Data segment:

Content starts

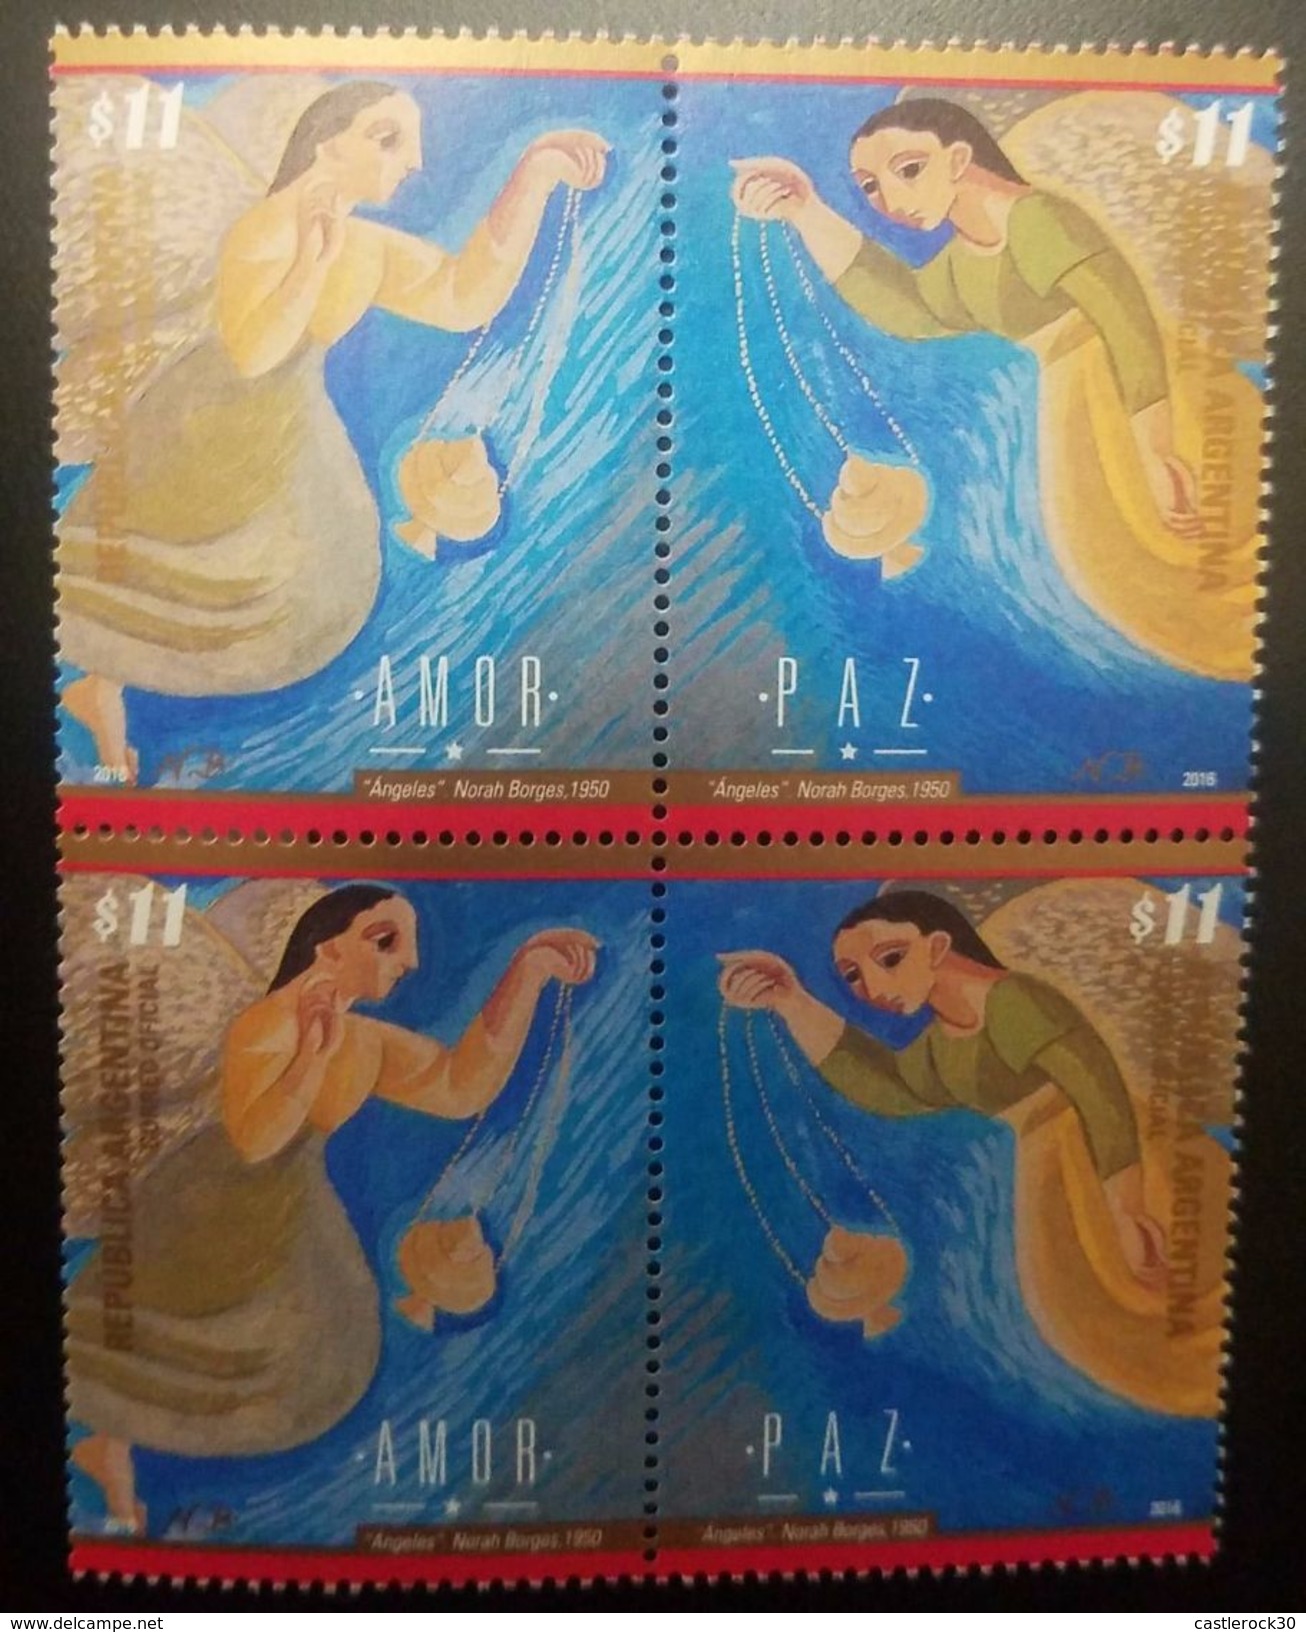 L) 2016 ARGENTINA, CHRISTMAS, ANGELS, LOVE, PEACE, FULL COLORS, BLOCK OF 4, MNH, XF - Unused Stamps
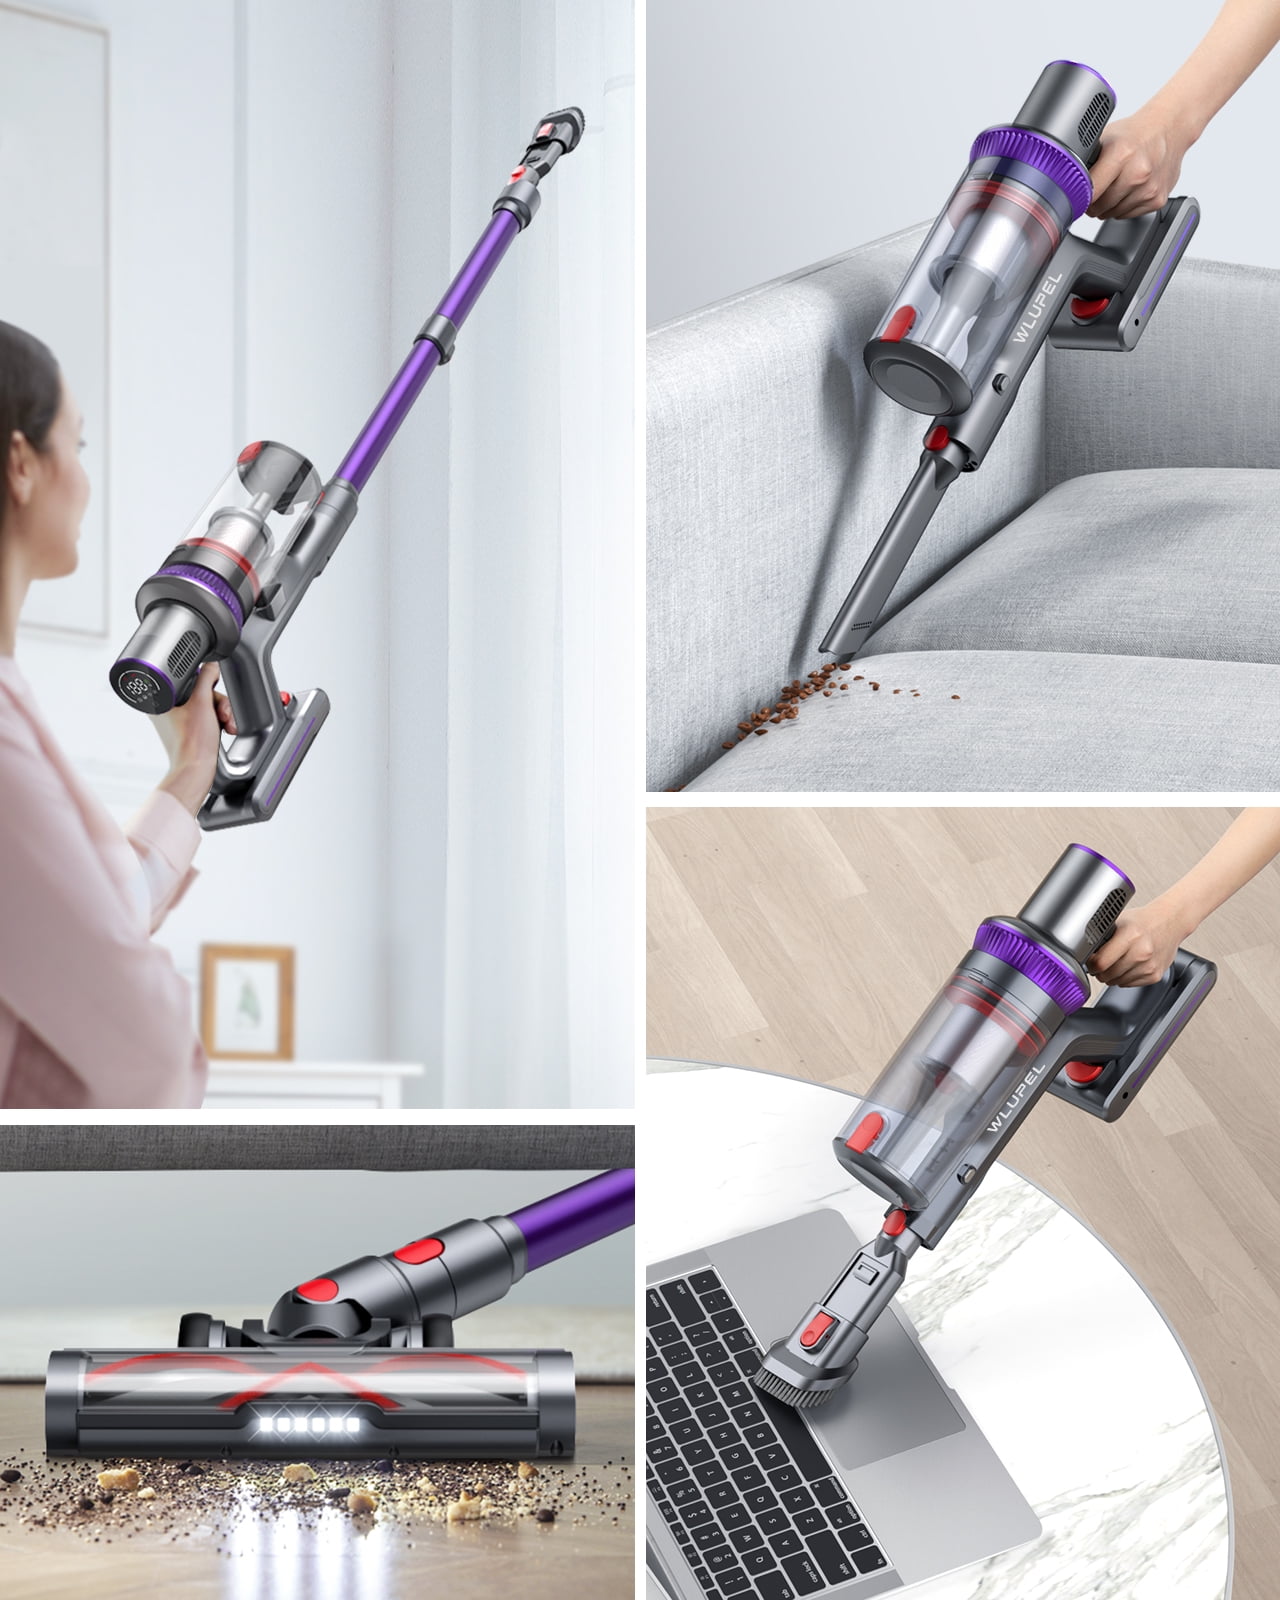 WLUPEL Cordless Vacuum Cleaner, Stick Vacuum Cleaner with 30KPA Powerful  Suction, 400W Lightweight Handheld Vacuum with LED Display for Hardwood  Floor
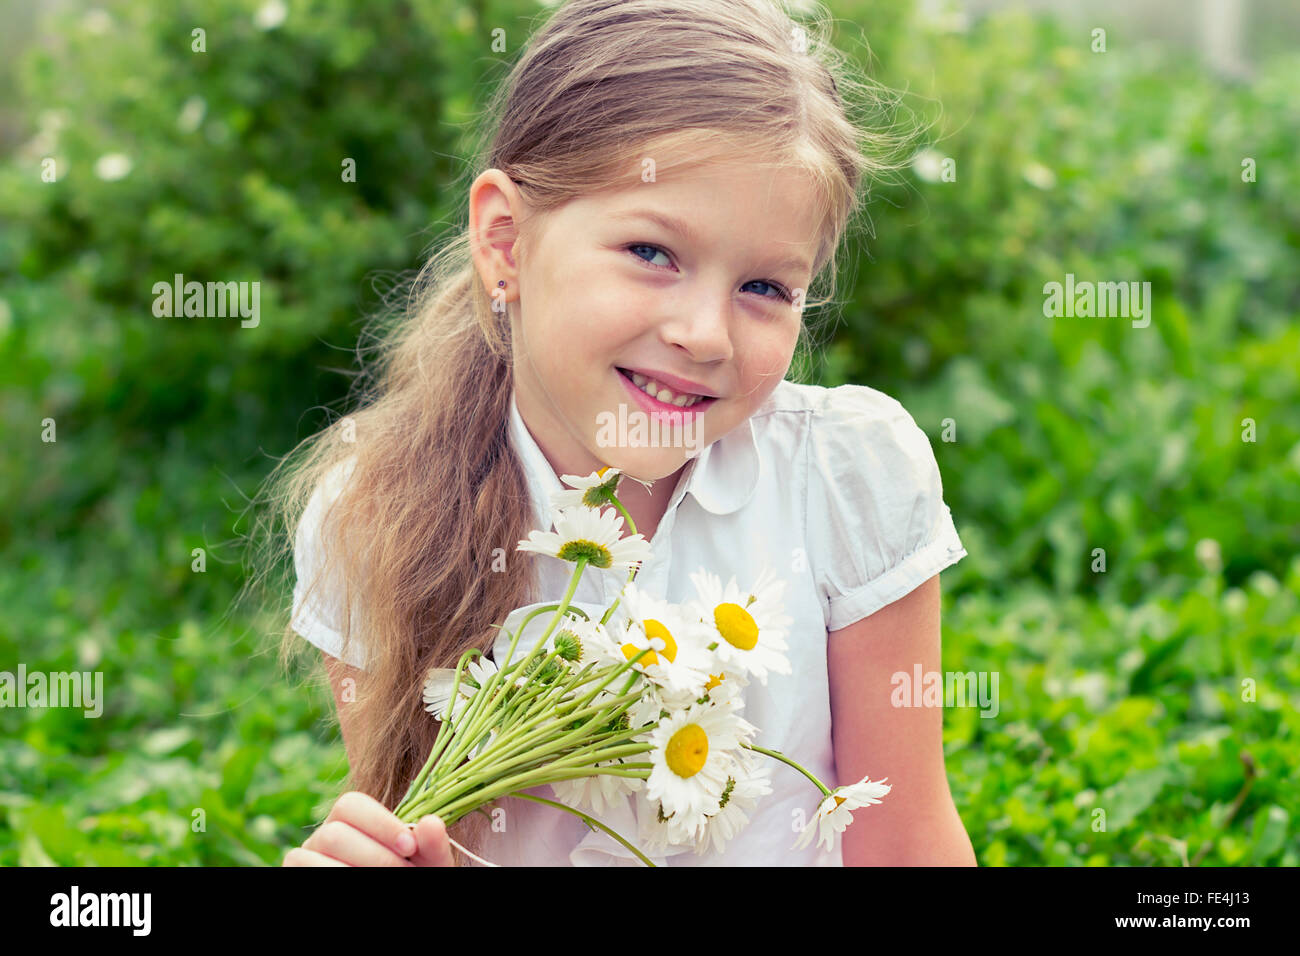 Cute smiling girl with a bouquet of daisies on green background Stock Photo

Content ends

Give the listing again word for word. Skip every image.

 L) 2016 ARGENTINA, CHRISTMAS, ANGELS, LOVE, PEACE, FULL COLORS, BLOCK OF 4, MNH, XF - Unused Stamps
 WLUPEL Cordless Vacuum Cleaner, Stick Vacuum Cleaner with 30KPA Powerful  Suction, 400W Lightweight Handheld Vacuum with LED Display for Hardwood  Floor
 Cute smiling girl with a bouquet of daisies on green background Stock Photo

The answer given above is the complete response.